AJDA PEKKAN: Bir apolitik olarak hangi partiye oy atacağı konusunda en belirsiz tutum hiç kuşkusuz onundur. Öyle ki AKP’ye de oy verebilir, AKP’nin can düşmanı CHP’ye de. Hatta hepsini bırakıp "Ben ille de Alman Sosyal Demokrat Partisi’ne oy vereceğim" diye tutturabilir.
Başbakan’ın oğlu babasına ne diyor
MARDİN’de Safran Manastırı’ndayız.
Yani Deyrülzafaran’da.
Bu yüzyıllara meydan okuyan, büyülü yapının uhrevi atmosferinde Peder Cebrail ile biraz din işlerinden, biraz da dünya işlerinden söz ediyoruz.
Biraz da benim, "Bu konuda İslam şöyle der" falan türü araya girip ahkám kesmelerimden dolayı olay "dinlerarası diyalog" boyutu kazanıyor.
Sohbetin sonunda manastırın "Hatıra Defteri" geliyor önüme. Bir şeyler karalamadan önce "Kimler gelmiş, kimler geçmiş" diyerek arka sayfalara kaçamak gözlerle bakıyorum.
Sezer yazmış, Baykal yazmış, Baskın Oran yazmış, Orhan Pamuk yazmış. Yani yok, yok.
Ve sürpriz.
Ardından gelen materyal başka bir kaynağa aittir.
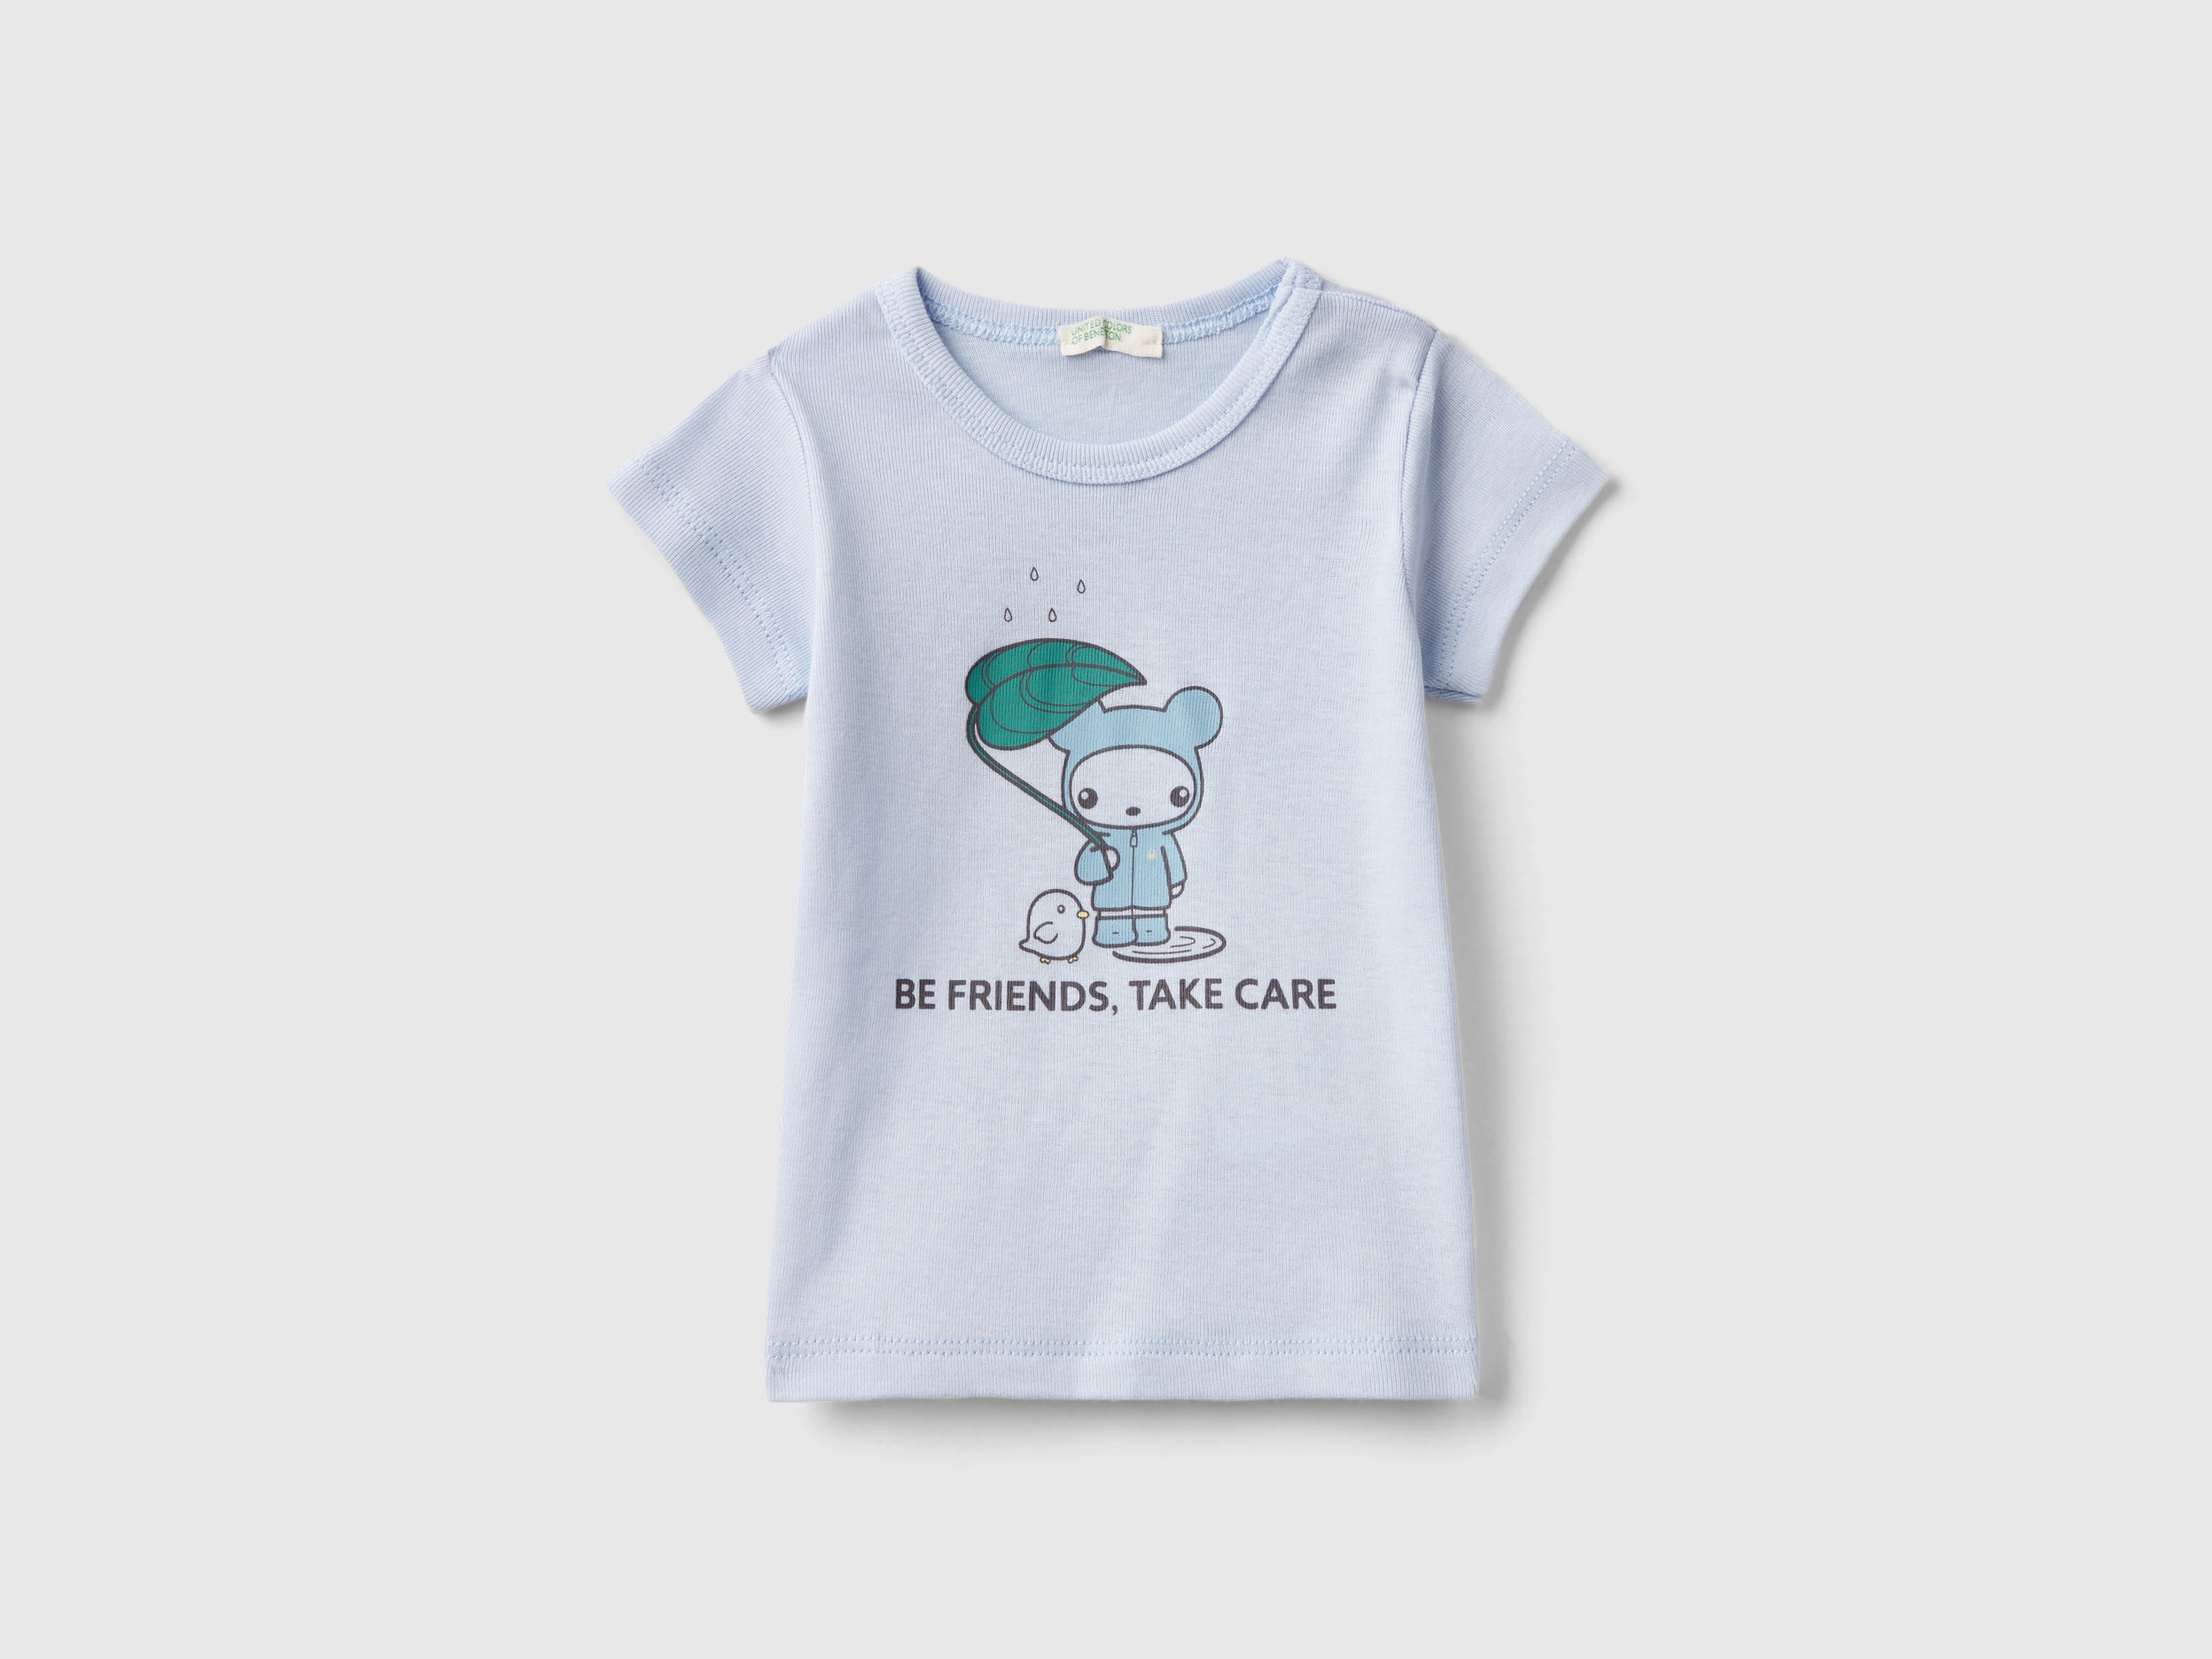 Image of Benetton, T-shirt In 100% Organic Cotton, size 68, Sky Blue, Kids

Başbakan Erdoğan’ın oğlu Bilal Erdoğan da bir yazı yazmış hatıra defterine.
Yazısına şöyle başlıyor Bilal: "Babacığımın Başbakan olarak yaptığı gezi nedeniyle geldiğimiz Mardin’de..."
Bunu okuyunca şöyle düşündüm: Acaba Erdoğan’ın çocukları babalarına, "Babacığım" diye mi sesleniyorlar?